For BigQuery, register a query_mode='materialized' table with a SQL body:

agnes admin register-table orders_90d \
    --source-type bigquery \
    --query-mode materialized \
    --query @docs/queries/orders_90d.sql \
    --schedule "every 6h"

The scheduler runs the query through the DuckDB BigQuery extension on each tick that's due, writes the result as a parquet, and the analyst picks it up on the next agnes pull.
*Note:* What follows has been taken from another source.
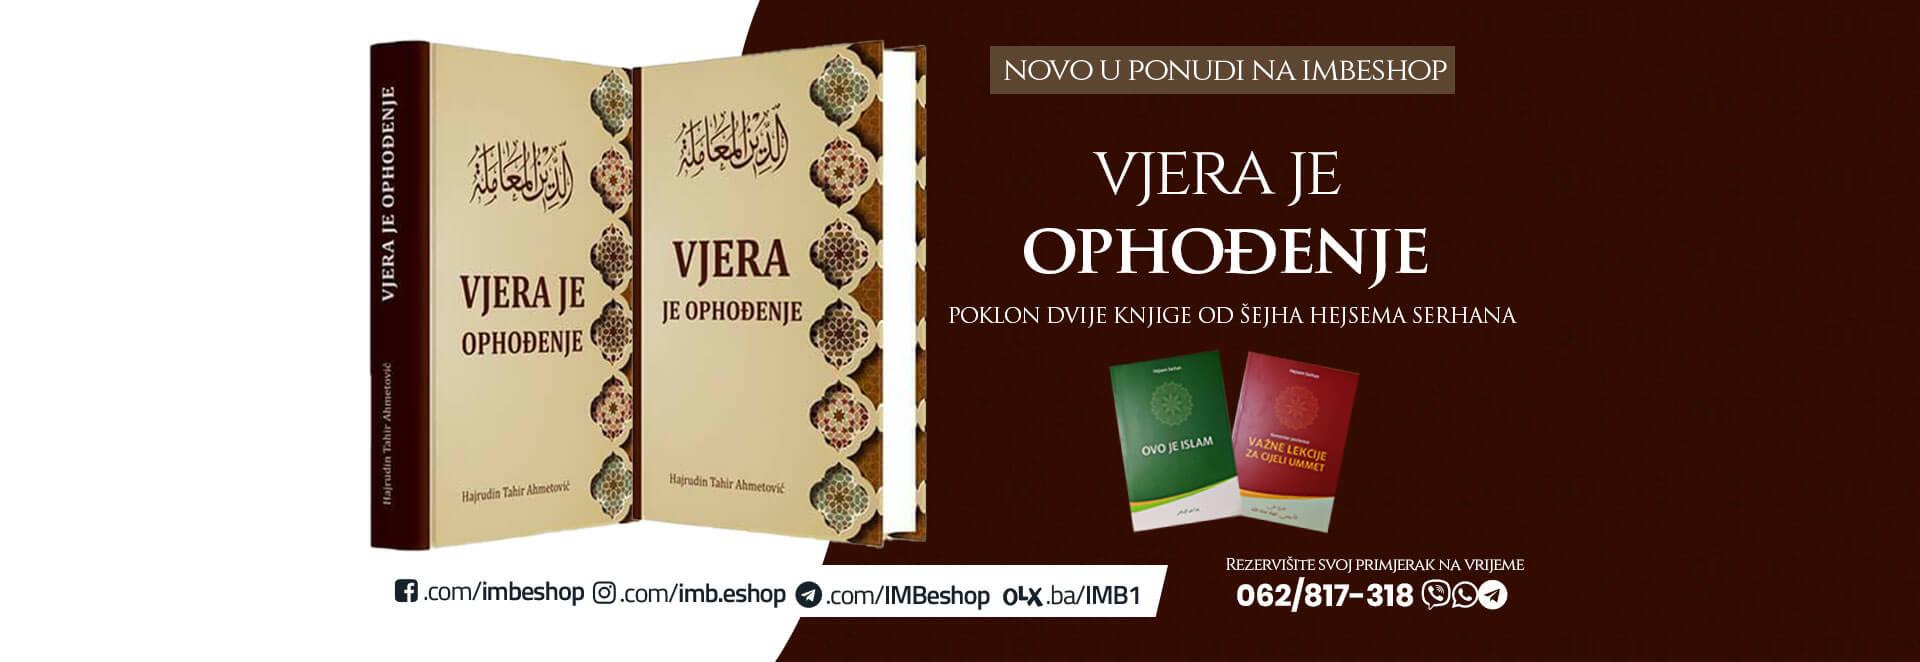 banner-vjera-je-ophođenje-plus-poklon-dvije-knjige
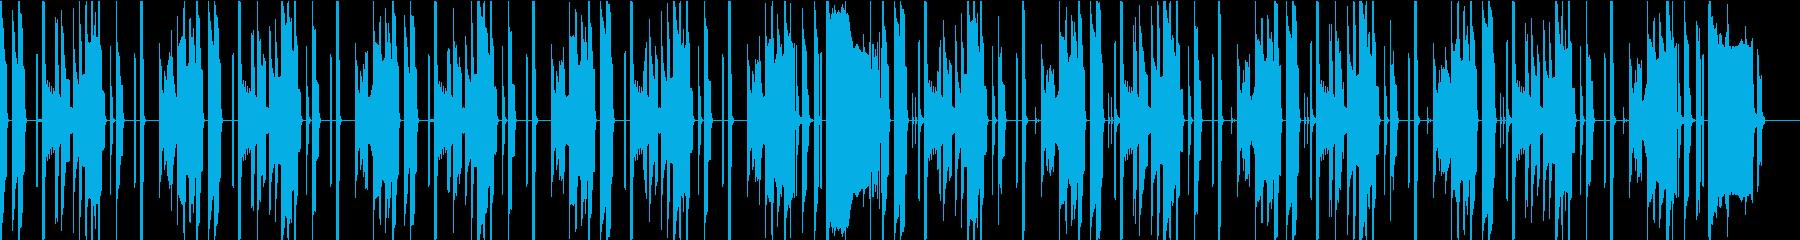 会話シーン・ほのぼの・日常・アニメの再生済みの波形

Cost guardrail: data_source.bigquery.max_bytes_per_materialize (default 10 GiB) — operations exceeding the BQ dry-run estimate are skipped.

Development Setup

# Create and activate virtual environment
python3 -m venv .venv && source .venv/bin/activate

# Install dependencies
uv pip install ".[dev]"

# Run FastAPI locally with hot reload
uvicorn app.main:app --reload

# Run the test suite
pytest tests/ -v

Project Structure

├── src/                    # Core engine
│   ├── db.py               # DuckDB schema (system.duckdb, analytics.duckdb)
│   ├── orchestrator.py     # SyncOrchestrator — ATTACHes extract.duckdb files
│   ├── repositories/       # DuckDB-backed CRUD (sync_state, table_registry, users, etc.)
│   ├── profiler.py         # Data profiling
│   └── catalog_export.py   # OpenMetadata catalog export
├── app/                    # FastAPI application
│   ├── main.py             # App setup, router registration
│   ├── api/                # REST API (sync, data, catalog, admin, auth)
│   ├── auth/               # Auth providers (Google OAuth, email magic link, desktop JWT)
│   └── web/                # HTML dashboard routes
├── connectors/             # Data source connectors (extract.duckdb contract)
│   ├── keboola/            # Keboola: extractor.py (DuckDB extension) + client.py (fallback)
│   ├── bigquery/           # BigQuery: extractor.py (remote-only via DuckDB BQ extension)
│   └── jira/               # Jira: webhook + incremental parquet → extract.duckdb
├── cli/                    # CLI tool (`agnes pull`, `agnes query`, `agnes admin`)
├── services/               # Standalone services (scheduler, telegram_bot, ws_gateway, etc.)
├── scripts/                # Utility + migration scripts
├── config/                 # Configuration templates (instance.yaml.example)
├── docs/                   # Documentation + metric YAML definitions
└── tests/                  # Test suite (633 tests)

Configuration

File Purpose
config/instance.yaml Instance-specific settings: branding, data source type, auth provider, Google domain
.env Secrets and environment variables — never committed
system.duckdb table_registry table Table definitions managed via POST /api/admin/register-table (or PUT /api/admin/registry/{id} to update) or the web UI

Copy the example to get started:

cp config/instance.yaml.example config/instance.yaml

See config/instance.yaml.example for all available options.

Documentation

Contributing

  1. Fork the repository and create a feature branch.
  2. Run pytest tests/ -v to verify all tests pass before opening a pull request.
  3. Keep commits focused and messages concise.
  4. Open a pull request against main with a clear description of the change.

For bugs and feature requests, open a GitHub issue.

License

This project is licensed under the MIT License.